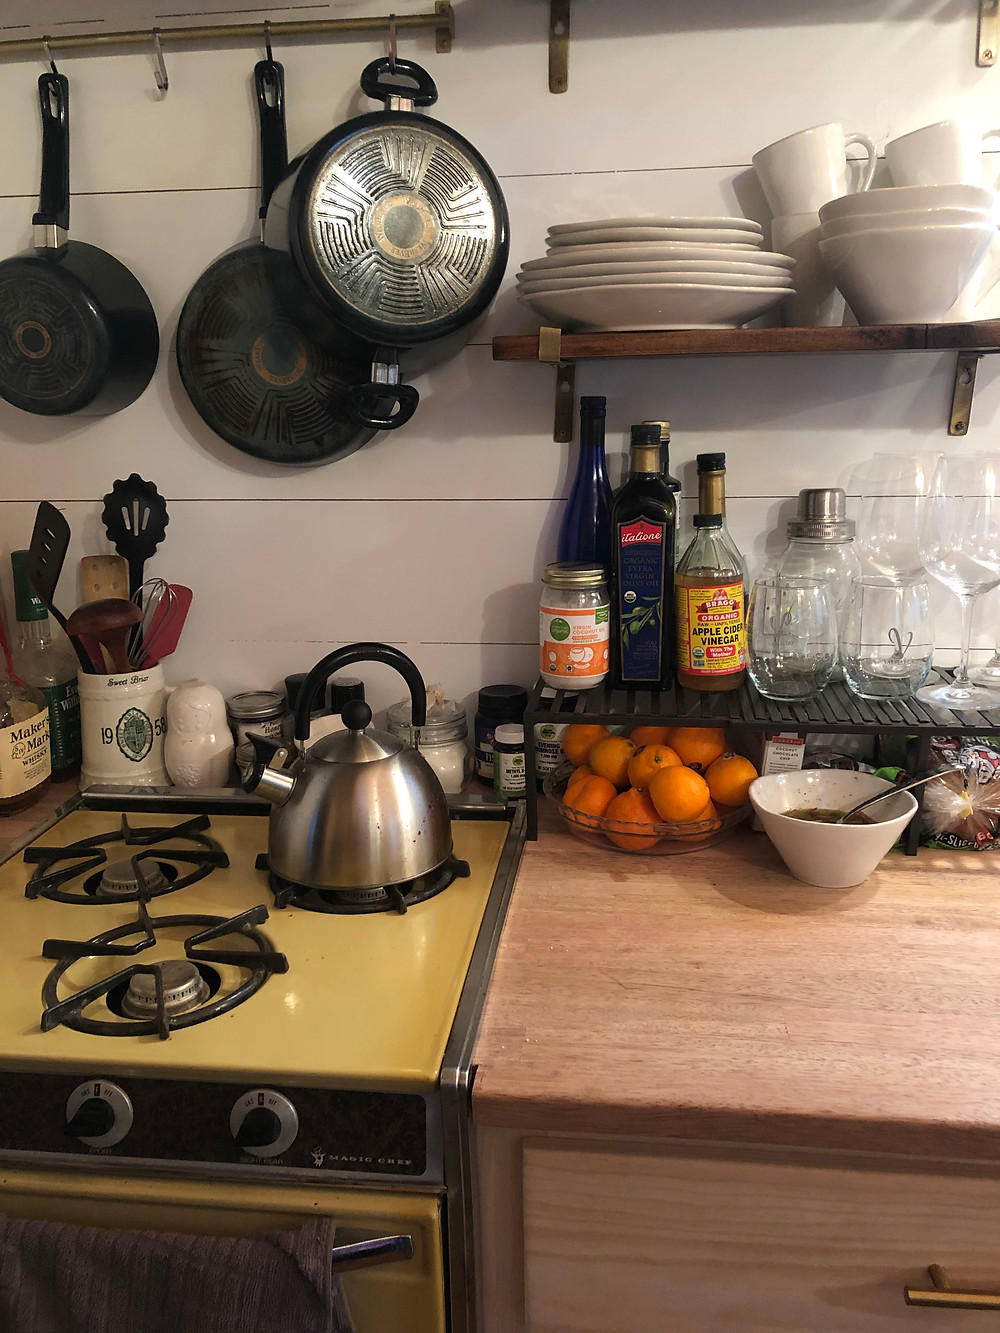 tiny house kitchen vintage stove oven pot hanging racks open shelving tea kettle butcher block countertops
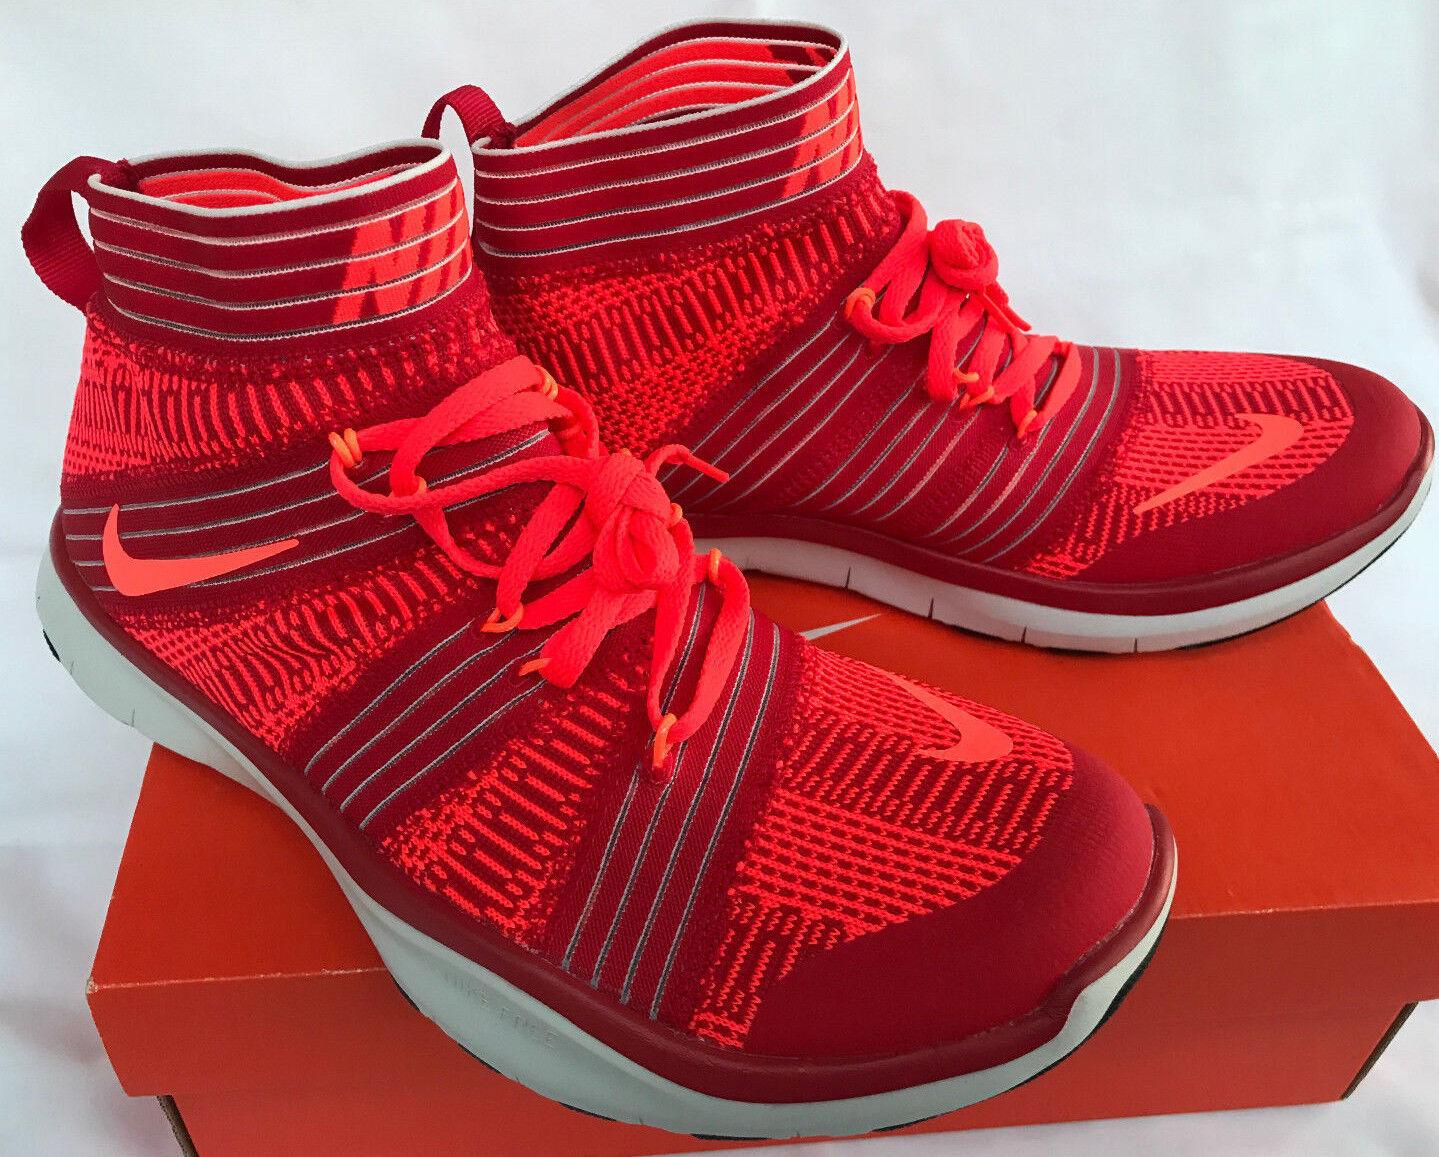 new Nike Free Train Virtue 898052-600 Red 5K Shoes Marathon Running Shoes 5K Men's 10.5 b1113b
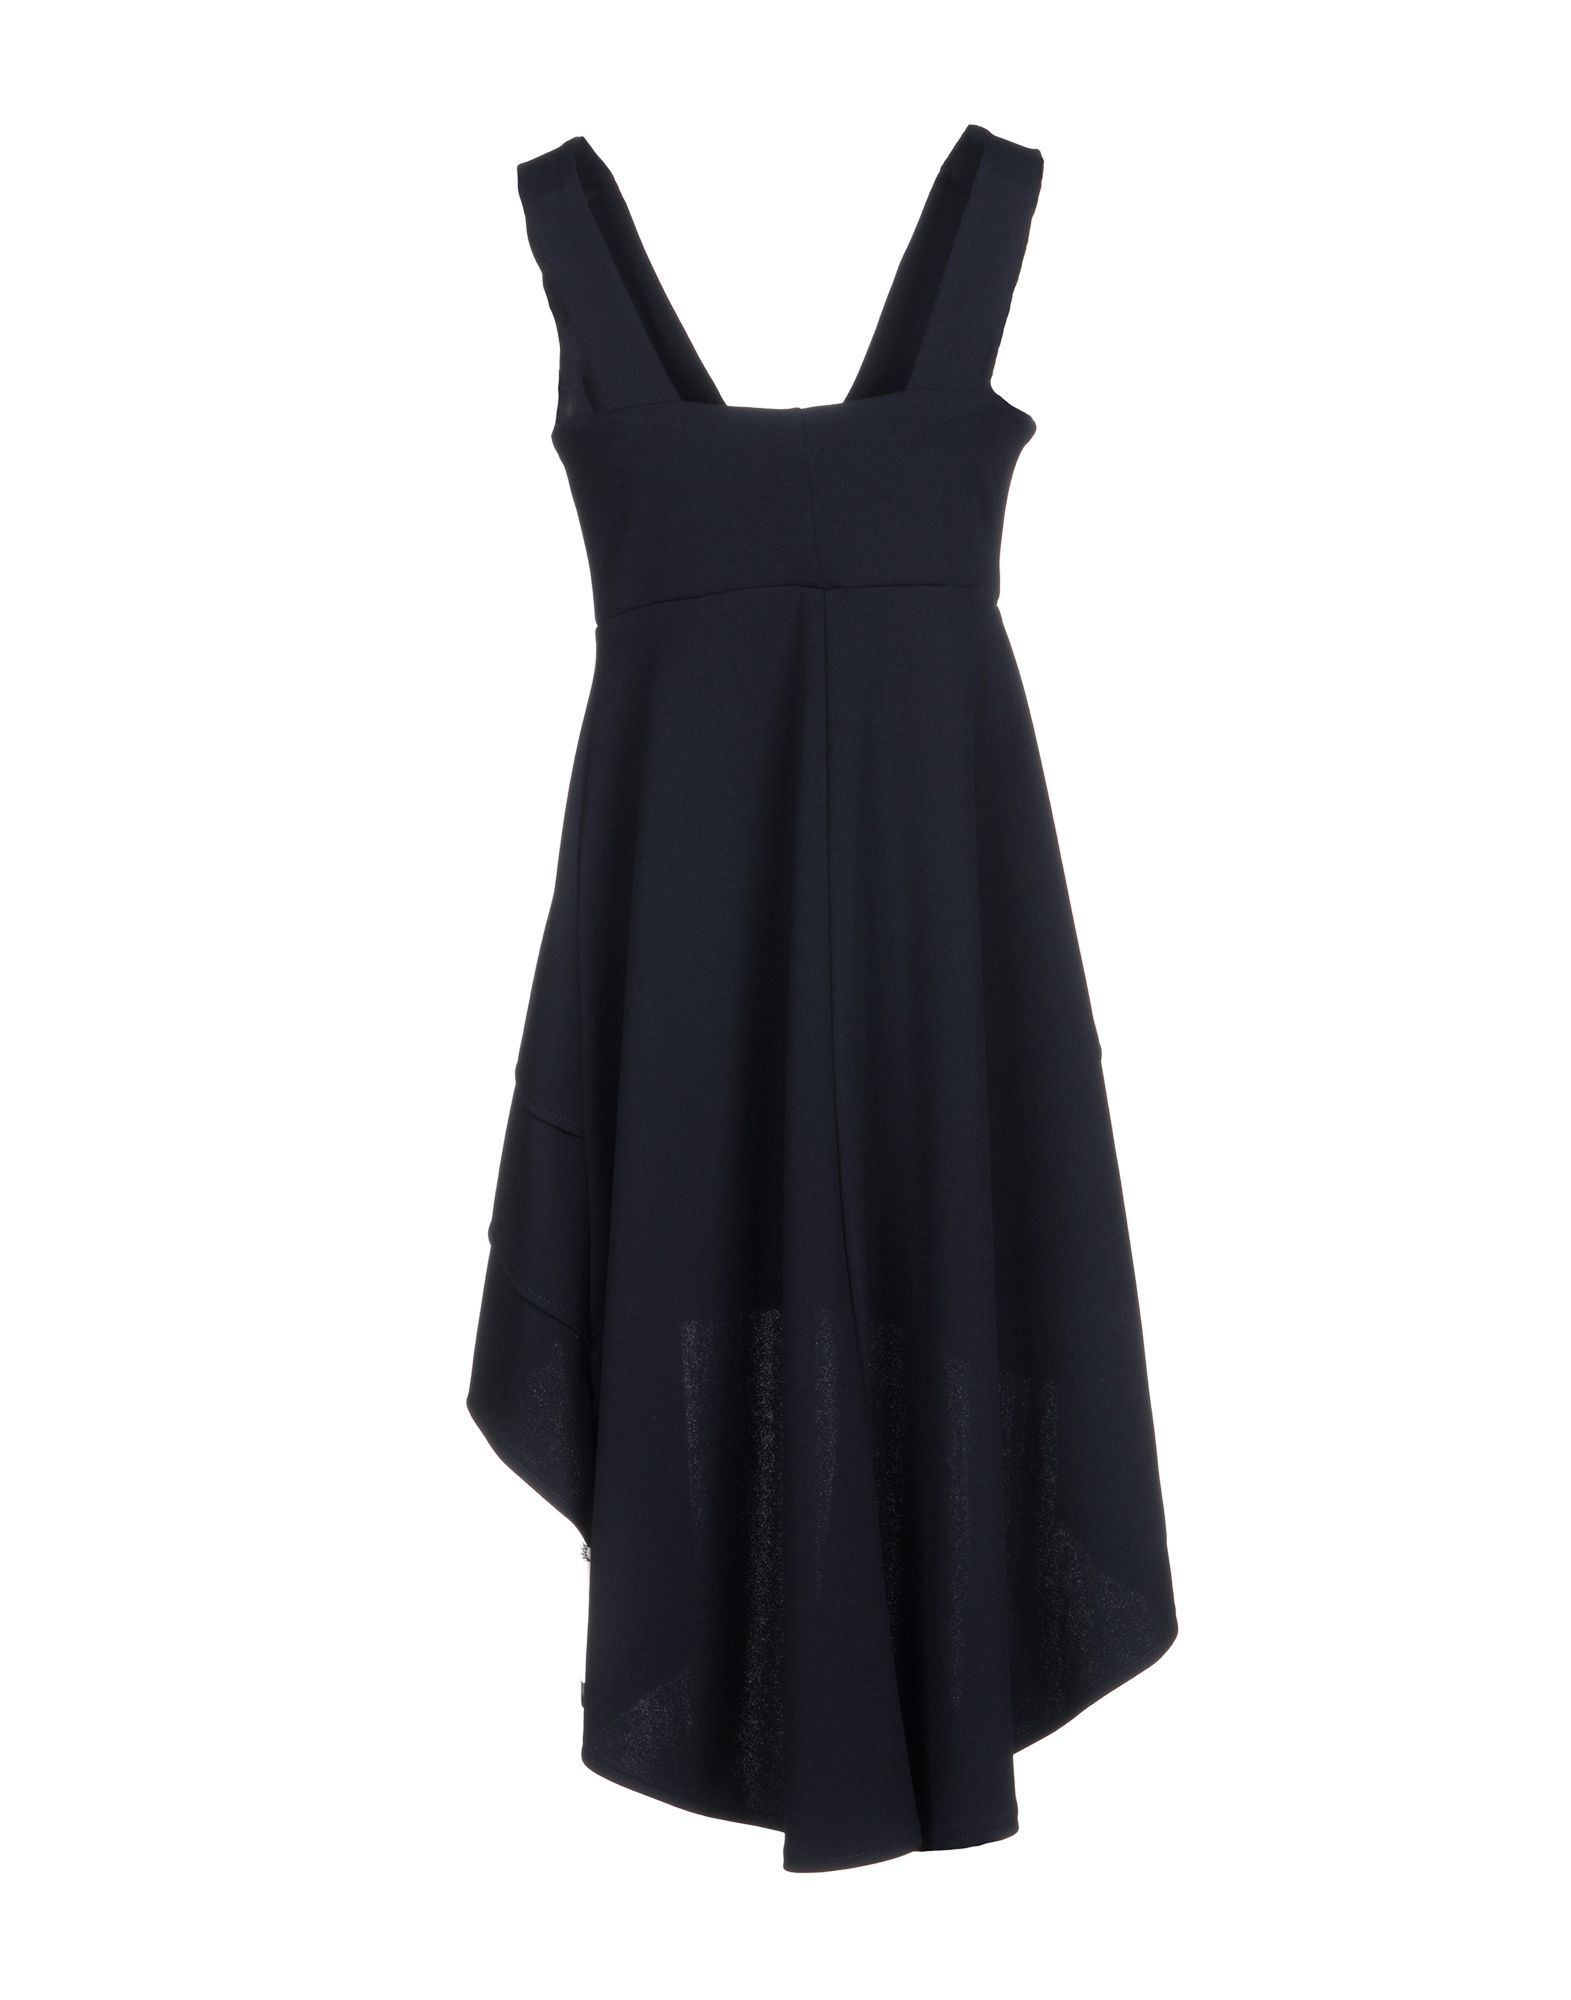 Vanessa Scott Dark Blue Dress
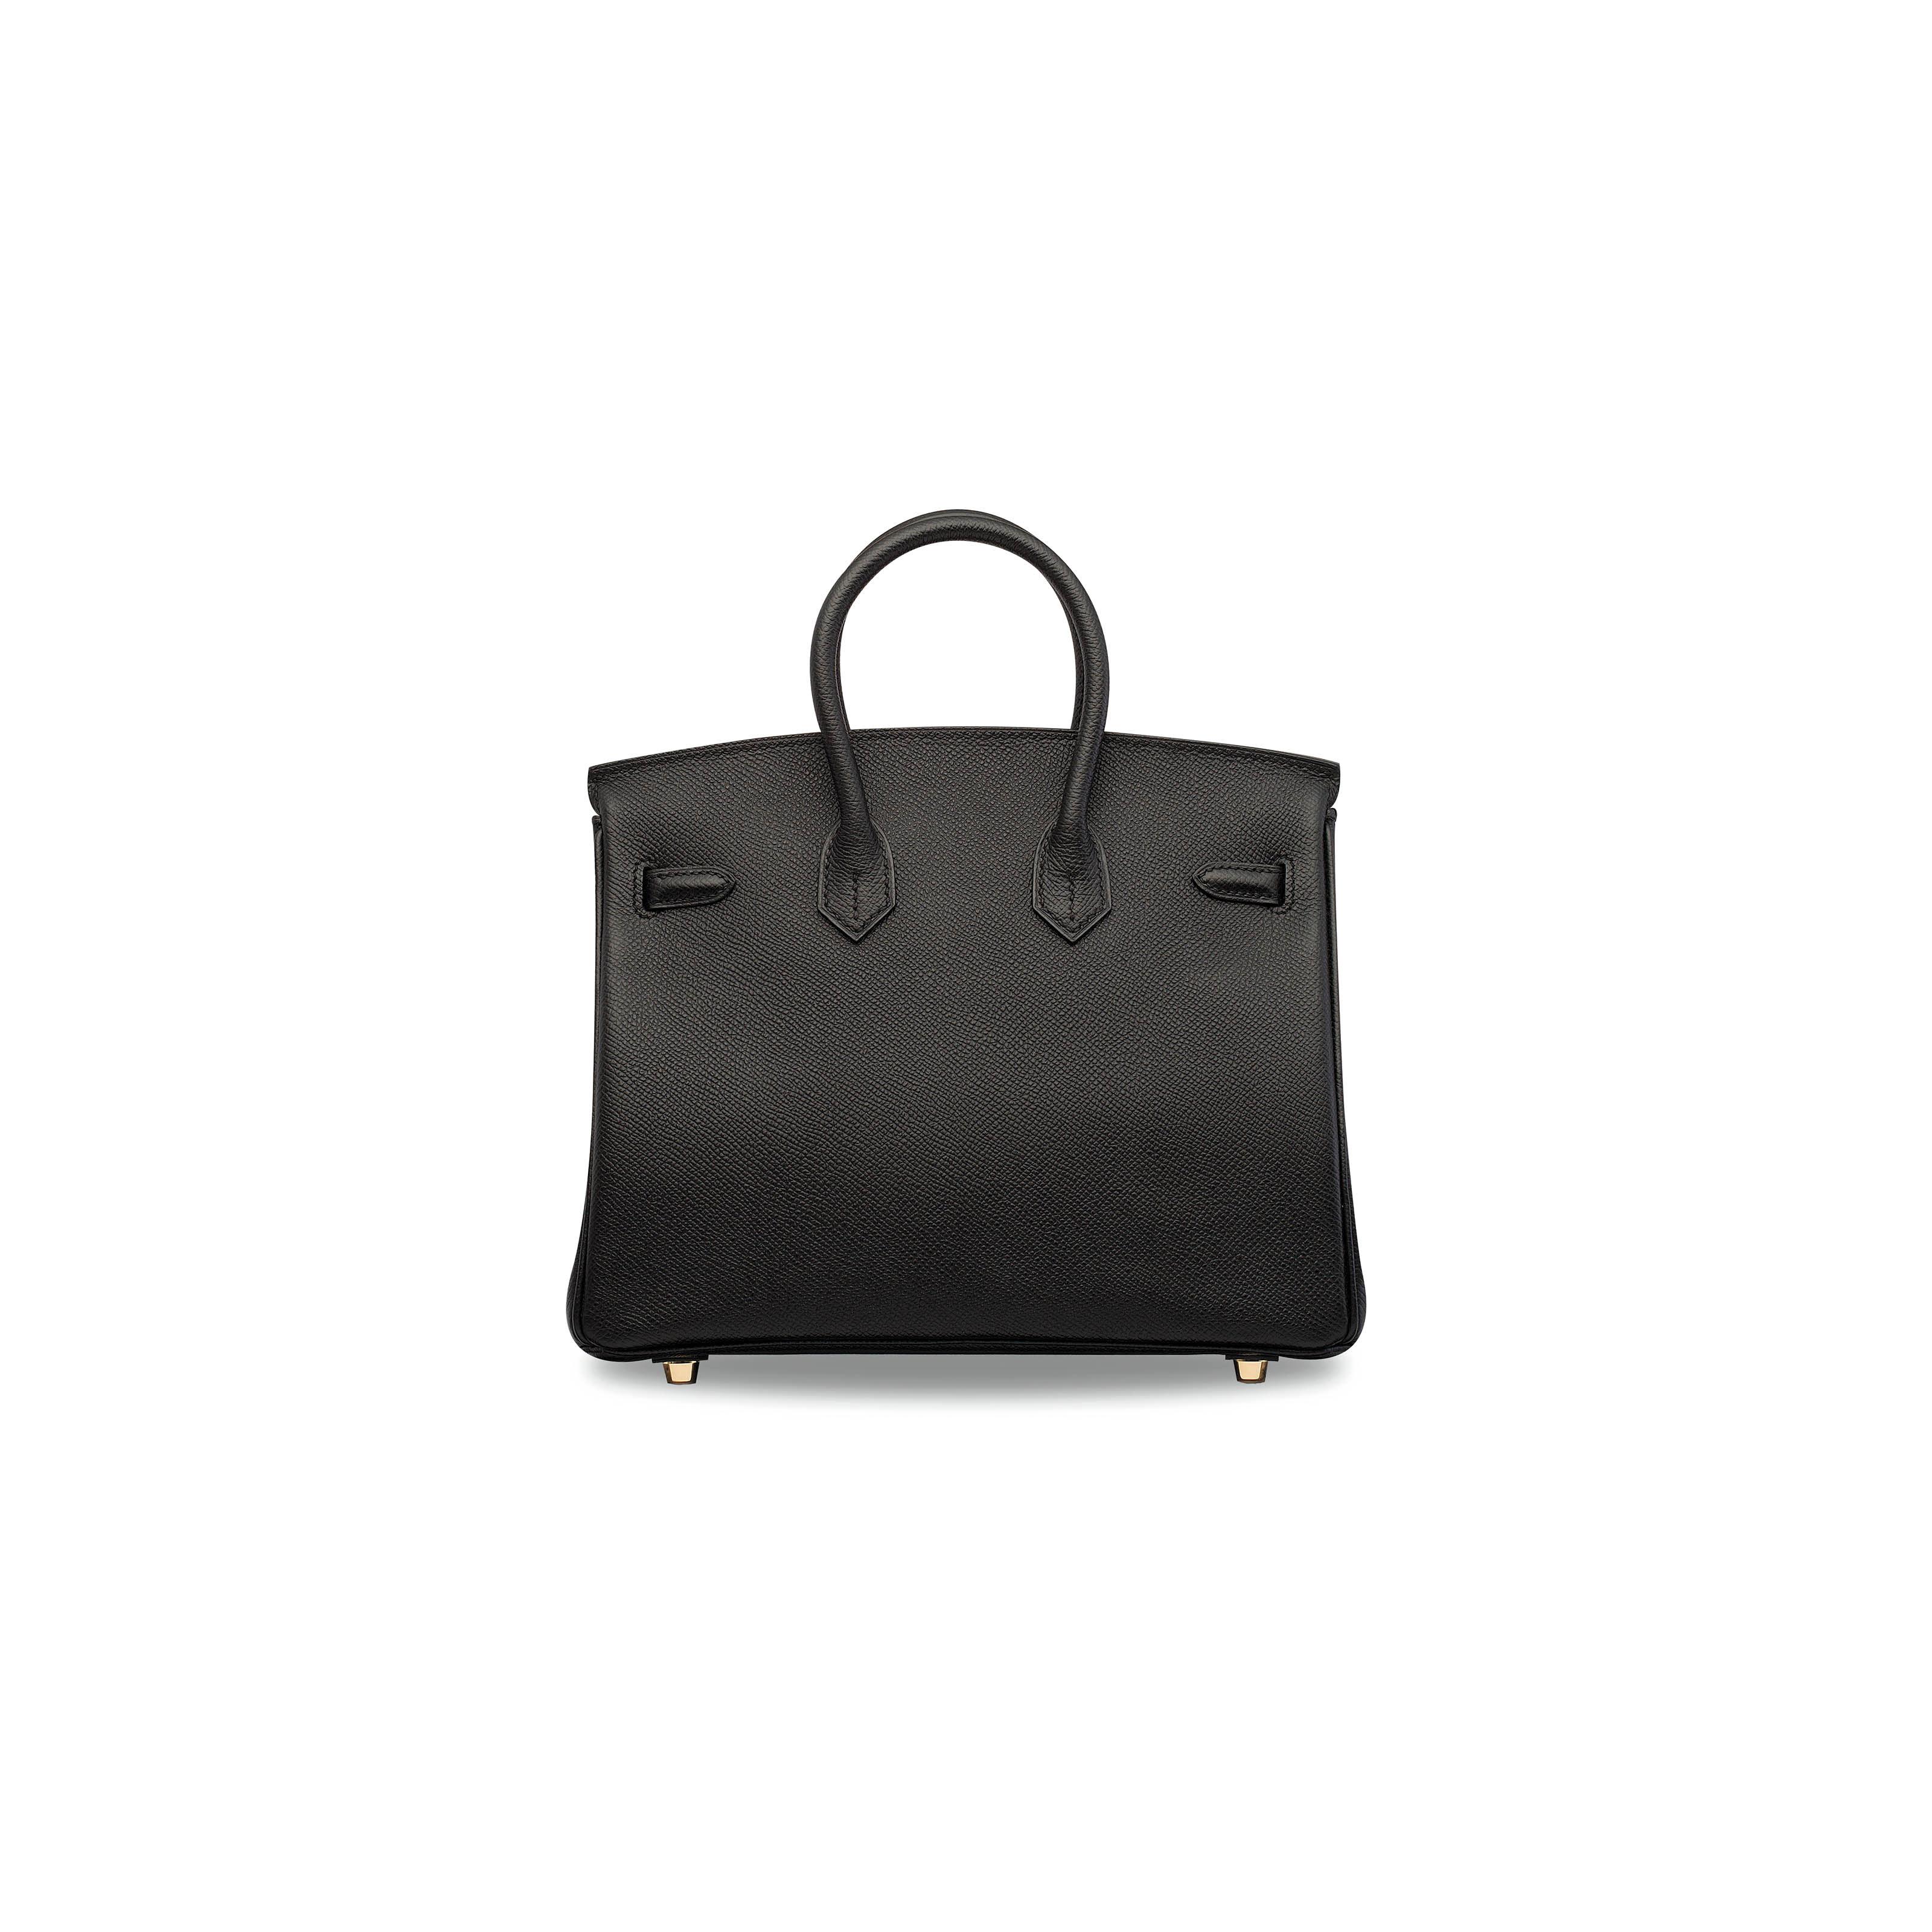 482f4b557c71 ... best price a black epsom leather birkin 25 with gold hardware hermÈs  2016 c1756 80ad6
▬▬▬▬▬▬
— To do —
Print once more, exactly, the lines from the one with "new Nike Free" through the last line of the data, both ends included, without any pictures.

— Your solution —
 new Nike Free Train Virtue 898052-600 Red 5K Shoes Marathon Running Shoes 5K Men's 10.5 b1113b
 Vanessa Scott Dark Blue Dress
 482f4b557c71 ... best price a black epsom leather birkin 25 with gold hardware hermÈs  2016 c1756 80ad6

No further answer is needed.